Question

Box 1 contains 3 blue and 5 red balls, whereas Box 2 contains 2 blue and 4 red ball. A ball is randomly chosen from Box 1 and then transferred to Box 2, and a ball is then randomly selected from Box 2. What is the conditional probability that the transferred ball was blue, given that a red ball is selected from Box 2 (round off to second decimal place)?

Answer 1

Answer:

0.32

Step-by-step explanation:

Let A be the event that the transferred ball was blue.
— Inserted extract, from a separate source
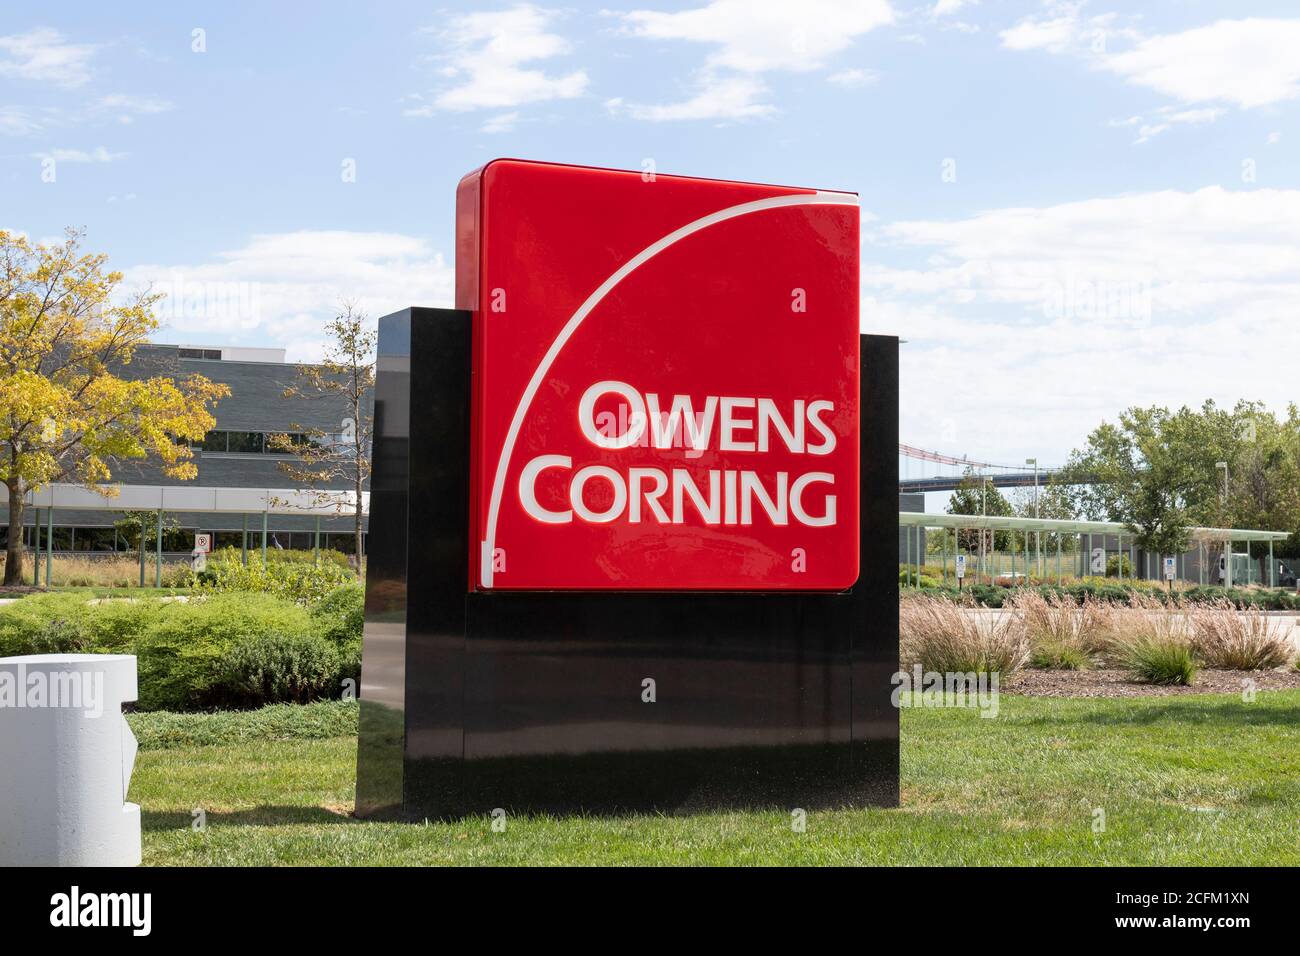 Toledo - Ca. September 2020: Owens Corning Hauptsitz. Owens Corning entwickelt und produziert Isolations-, Dach- und Glasfaserverbundwerkstoffe. Stockfoto

B be the event that the red ball is selected from box 2

C be the event that the transferred ball was red

Then:

P(A) be the probability that the transferred ball was blue, which is 3/8

P(C) be the probability that the transferred ball was red, which is 5/8

P(B|A) is the probability that selected ball is red, given that the transferred ball was blue, which is 4/7

P(B|C) is the probability that selected ball is red, given that the transferred ball was red, which is 5/7

P(B) is the probability that the selected ball is red, which there are 2 scenarios, given that the transferred ball is blue and red

P(B) = P(B|A)P(A) + P(B|C)P(C)

$P(B) = \frac{4}{7}\frac{3}{8} + \frac{5}{7}\frac{5}{8}$

$P(B) = \frac{3}{14} + \frac{25}{56} = \frac{37}{56}$

P(A|B) is the probability that the transferred ball was blue, given that a red ball is selected from Box 2, which can be solved using Bayes theorem

$P(A|B) = \frac{P(B|A)P(A)}{P(B)} = \frac{\frac{4}{7}*\frac{3}{8}}{\frac{37}{56}} = \frac{3}{14}\frac{56}{37} = \frac{12}{37} = 0.324$